Cuando creí que todo estaba perdido (esta frase y el desenlace que seguramente ya vislumbraron, también la vi en muchas películas), llegó la policía, cuando menos en mi sueño fue bastante agradable, por que esta vez no iban para detenerme por ingerir bebidas alcohólicas en la vía pública, y detuvieron al malhechor y a punta de madrazos lo subieron a la patrulla, y al poco, un chingo de patrullas, helicópteros, bueno, no, singular, por que nomás era un helicóptero, pero eso sí, con la luz prendida, esa luz que sirve para seguir a los sospechosos en la oscuridad nocturna, y un chingo, y eso quiero decir, un chingo de patrullas haciendo un gran despliegue digno de película chafa, bajando de las greñas a los seis cabrones de la camioneta, que quizá eran cuatro gueyes y dos viejas, pero, ah pinches viejas cómo la hacían de a pedo, como buenas viejas, llorando y diciendo que ya estuvo, que no era enserio, pero de todos modos se la pelaron por que a todos los subieron a las patrullas.

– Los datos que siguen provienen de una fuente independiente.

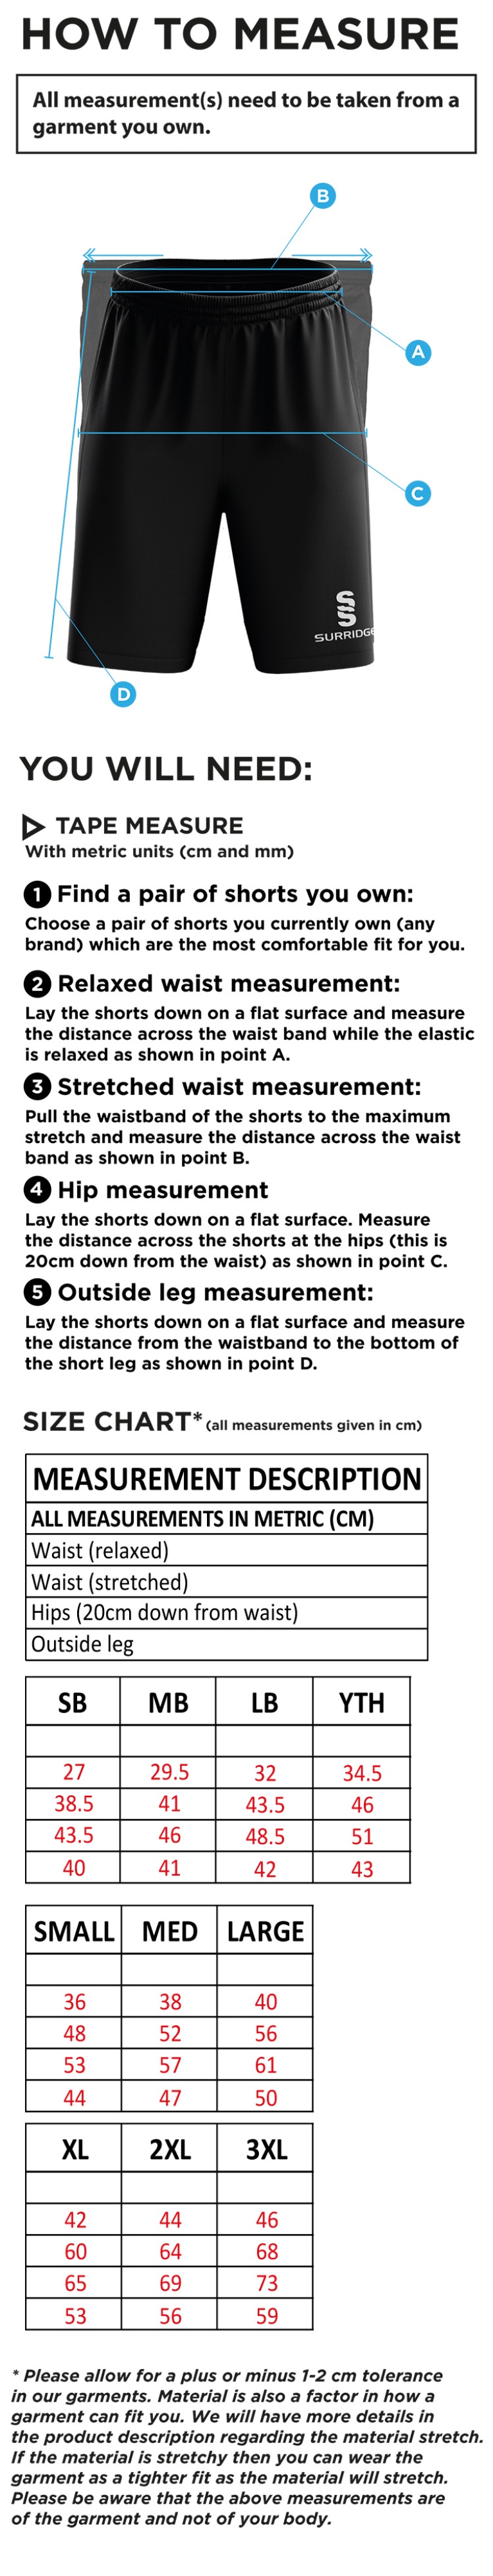 Great Bedwyn CC - Blade Shorts - Size Guide
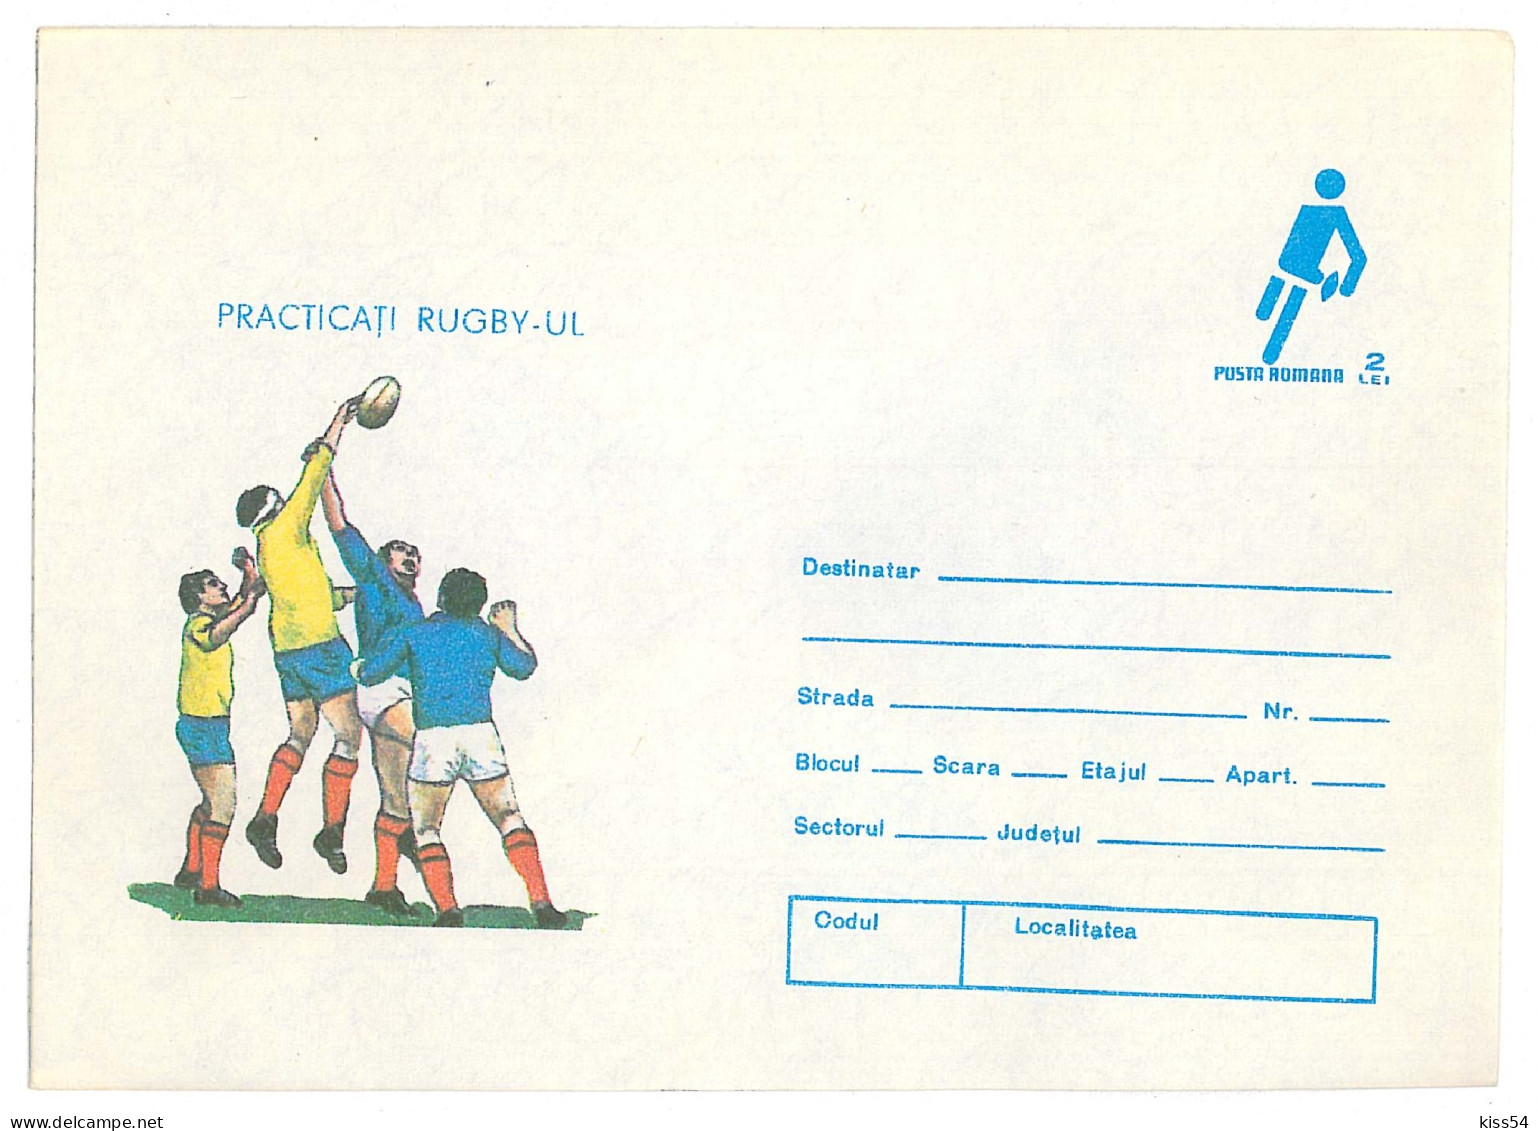 IP 82 - 265 RUGBY. - Stationery - Unused - 1982 - Rugby

Total, que una vez que salí me comenzaron a hacer preguntas de cómo fue el pedo y pues regresamos a la tienda donde había sido el atraco.
No sé por qué, pero de repente ya había de por medio una recompensa, que además ya me estaba saboreando, pero que al final, todo indicaba que se la iba a chingar el dependiente de la tienda ¡pinche gordo culero! Yo que había hecho todo y ese guey se iba a llevar el varo, pero bueno, en eso estábamos cuando pasó lo más cabrón… me desperté.